Not to be a downer, but does anyone have a better source for this?
This website is (at least to me) full of ads for “AI stock set to soar” and even clicking on the site’s logo to visit the homepage first showed a full page popup with the same ad about an AI stock. I didn’t know gAds even offered a full page modal option.
If the headline explicitly anthropomorphizes a language model masquerading as AI, I doubt you're going to get anything reasonable by clicking through it.
The paper is quite approachable and worth a quick scan. In essence, reusing output from previous generations results in rather wonky results which are clearly separable from the original training data.
You probably have to clarify that it only applies to the direct transformer training with fixed weights for samples, and not RL variants or variable sample weights.
My car stereo loses its mind once a month or so and I have to reboot it. (SYNC, it sucks)
One time my garage door kept refusing to close, intermittently and at a random spot in the cycle. “Stupid thing is going crazy”. (Mental metaphor still there)
Often times I’ll notice that my golf balls “have a mind of their own”
This is not a weird use of the idiom. I think it’s a fine headline.

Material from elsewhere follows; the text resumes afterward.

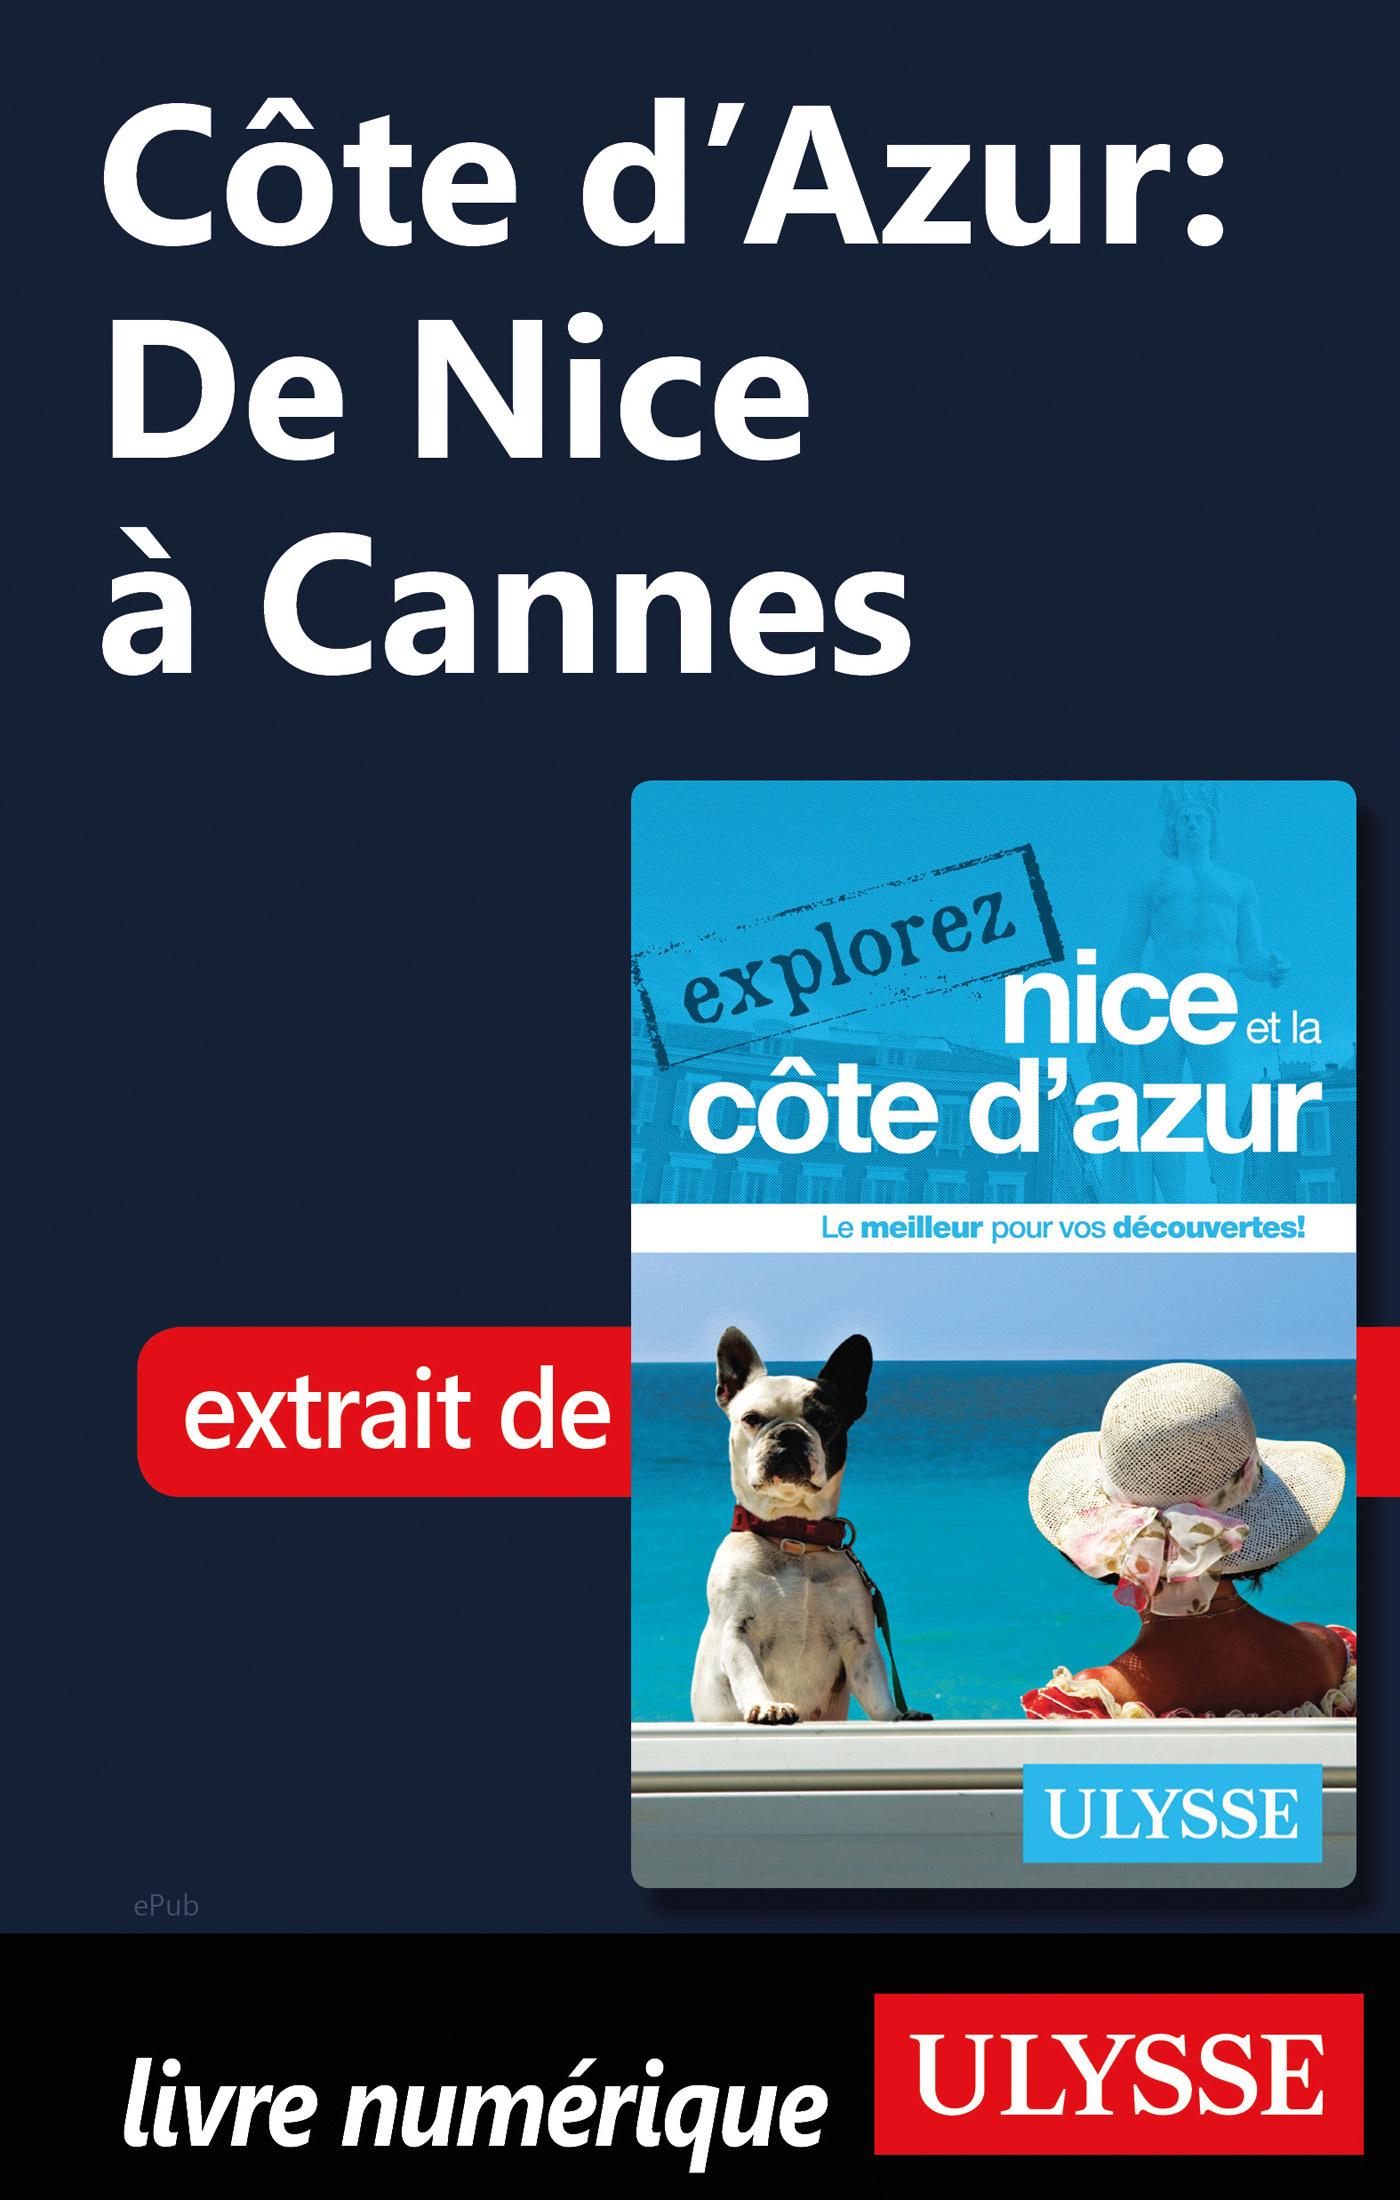 Côte d'Azur : De Nice à Cannes

I think the whole site is LLM-generated. There are articles where the headline is not even directly related to the content, and the content is... well, the problem is that it is nearly content-free.
For example, their super guide to prompt engineering excellence: start by getting a bachelor's degree in the field you want to prompt about...
Same for the 70's and 80's music cassette bootlegging scene. Some of the tapes were quite unlistenable because they were so degraded from being a copy of a copy of a copy.
The irony is that AI is great at cleaning them up!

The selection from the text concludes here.